PP2A-Cα Das CRISPR-Aktivierungsplasmid (h) ist ein aus drei Plasmiden bestehendes synergistisches Aktivierungsmediator-System (SAM), das für eine hocheffiziente, ortsspezifische transkriptionelle Hochregulation des PPP2CA-Lokus in menschlichen Zelllinien entwickelt wurde. Das System basiert auf einem katalytisch inaktiven Cas9 (dCas9), das zwei inaktivierende Mutationen (D10A und N863A) trägt, welche die Nukleaseaktivität eliminieren, während die DNA-Bindung erhalten bleibt. Dieses dCas9 ist mit VP64, einem potenten Transkriptionsaktivator, fusioniert und wird zusammen mit einem Blasticidin-Resistenzgen zur Selektion koexprimiert. Das zweite Plasmid kodiert das MS2-p65-HSF1-Fusionsprotein, einen sekundären Aktivatorkomplex, der zusammen mit dCas9-VP64 wirkt, sowie ein Hygromycin-Resistenzgen. Das dritte Plasmid kodiert für eine zielspezifische 20-nt-sgRNA, die an zwei MS2-RNA-Aptamere fusioniert ist, welche den MS2-p65-HSF1-Komplex an die Aktivierungsstelle rekrutieren, begleitet von einem Puromycin-Resistenzgen. Die drei Plasmide werden im Massenverhältnis 1:1:1 verabreicht, um eine ausgewogene Expression aller Systemkomponenten zu gewährleisten.

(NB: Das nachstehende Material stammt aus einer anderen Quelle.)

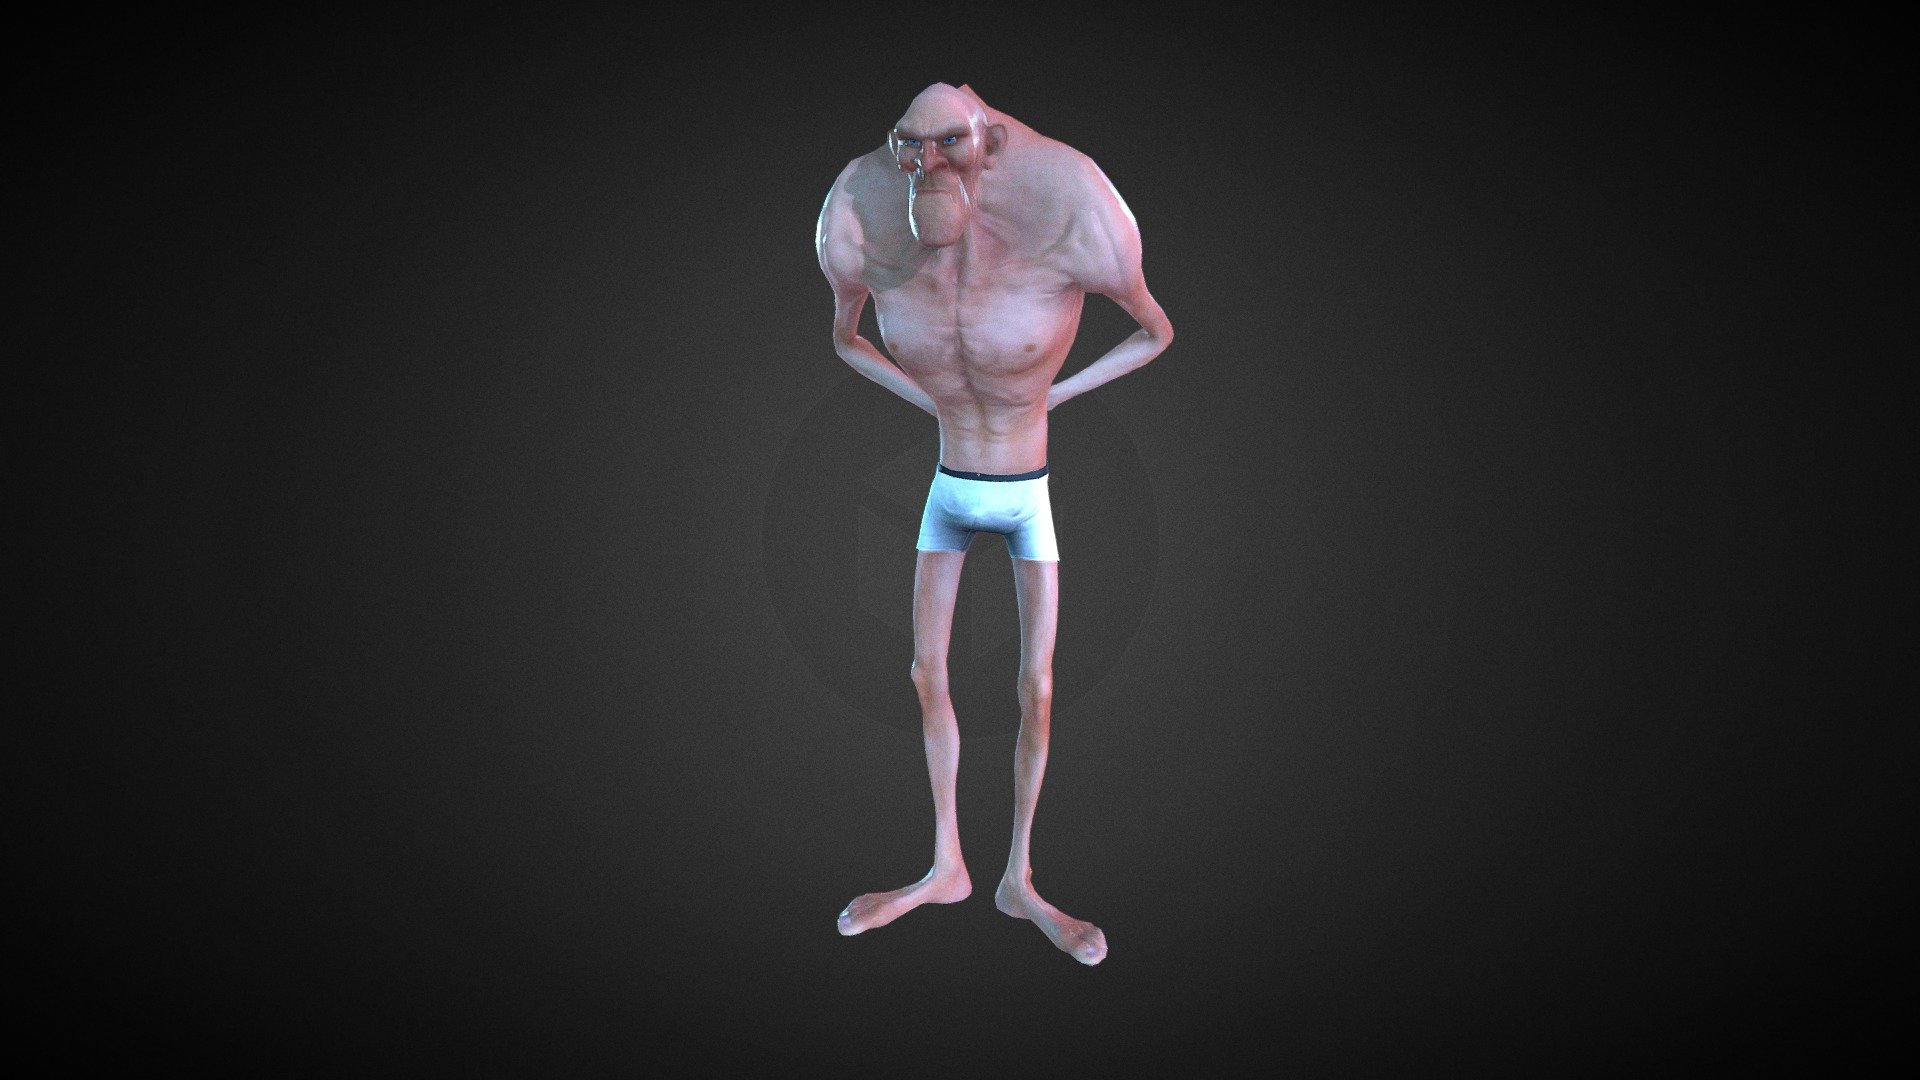 CC Walter Morph from my OLDIES character pack. Check out all my CC character morphs here:

https://www.reallusion.com/contentstore/featureddeveloper/profile/#!/ToKoMotion/Character%20Creator - iClone Character Creator - Walter Morph - 3D model by ToKoMotion 3d model

Nach der Assemblierung am Zielort bindet der SAM-Komplex etwa 200 bp stromaufwärts der PPP2CA-Transkriptionsstartstelle, wo VP64, p65 und HSF1 gemeinsam die Transkriptionsmaschinerie rekrutieren und die Hochregulation der endogenen PP2A-Cα-Expression vorantreiben. Im Gegensatz zu nukleaseaktivem Cas9 verursacht dCas9 keine Doppelstrangbrüche und verändert die genomische Sequenz nicht, wodurch der native PPP2CA-Locus erhalten bleibt und die Untersuchung von PP2A-Cα-abhängigen Transkriptionsreaktionen am endogenen Locus ermöglicht wird. Dies macht es zu einem wertvollen Werkzeug für Funktionsstudien, die Identifizierung von Zielgenen und die Modellierung der Wiederherstellung des PP2A-Cα-Signalwegs in Tumorzellen mit stillgelegtem oder reduziertem PPP2CA-Ausdruck.
Nur für Forschungszwecke. Nicht für diagnostische oder therapeutische Zwecke bestimmt.